Train and Test from a different folder structure without changing it?

anshaj · April 22, 2017, 12:09pm

I am trying to do Face recognition from AT&T face database and its folder has a very different structure ie. 40 folders with 10 photos each and I want 8 images from each folder as training and other 2 as test images. But I don’t want to label all the data again and put them in a different folder structure. How can I achieve this ??

Here is the [Database].(http://www.cl.cam.ac.uk/Research/DTG/attarchive:pub/data/att_faces.zip )

Thanks

shawn · April 23, 2017, 12:57am

Hi Anshaj,

I’m not sure exactly what your objective is. Is the goal to classify a new photo as being one of the 40 subjects in the training set? If so, then you are starting with a directory structure exactly like we saw in Lesson 1: cats in one folder, dogs in another. Only in this case, there are 40 classes instead of two.

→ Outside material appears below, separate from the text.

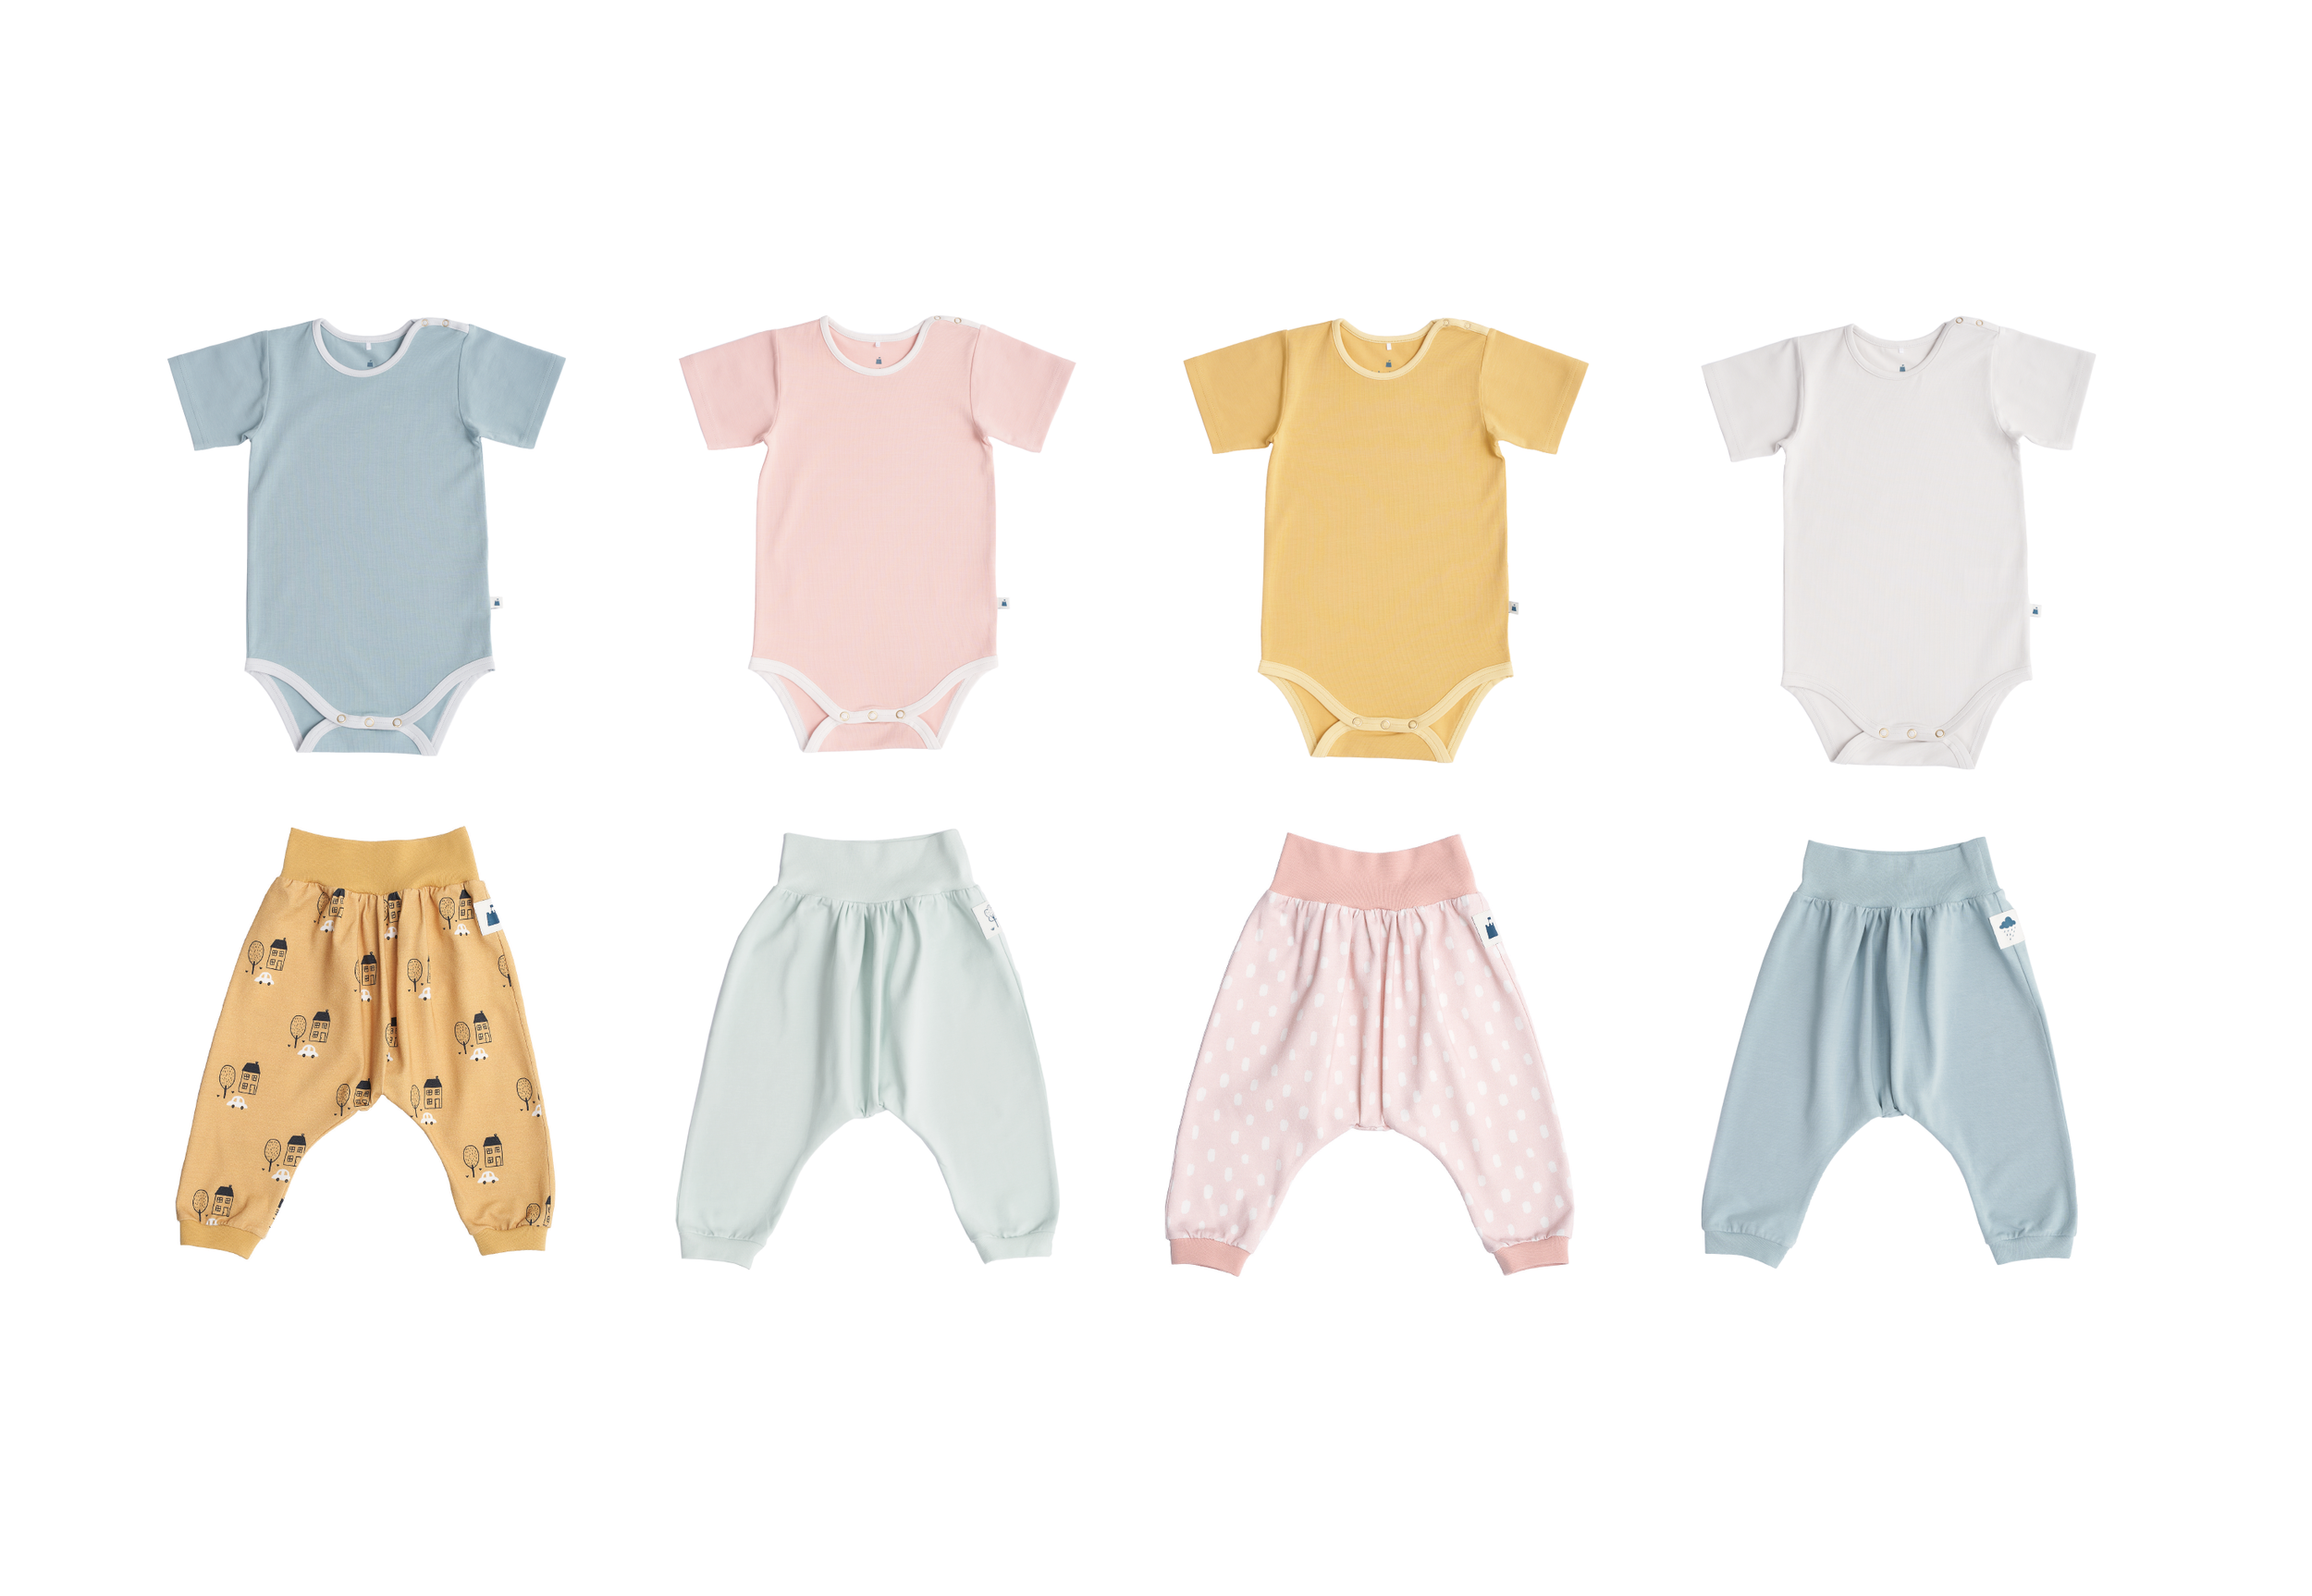 kidswear-designer-cornwall-england06

If you have a different objective, you would have to reorganize your data to suit that objective. For example, if the 10 photos of each subject are from specific angles or lighting conditions and you want to predict the angle or lighting condition, then you’d need to restructure your images so that all of the photos (regardless of subject) are grouped by angle or lighting.

You said that you don’t want to put your images in a different folder structure. Is there a reason why? The ImageDataGenerator class in Keras comes with a handy flow_from_directory() function that works nicely for classification tasks where the examples are organized into per-class subdirectories. You don’t have to use it; you could write your own generator to do this differently. But it’s not too hard to move files around in Python, so I’m not sure that you’ll be saving yourself any time or effort.

In general, data analysis tasks will usually include a significant amount of “data wrangling,” so it’s a good idea to get comfortable doing whatever wrangling needs to be done on a particular task.

Good luck!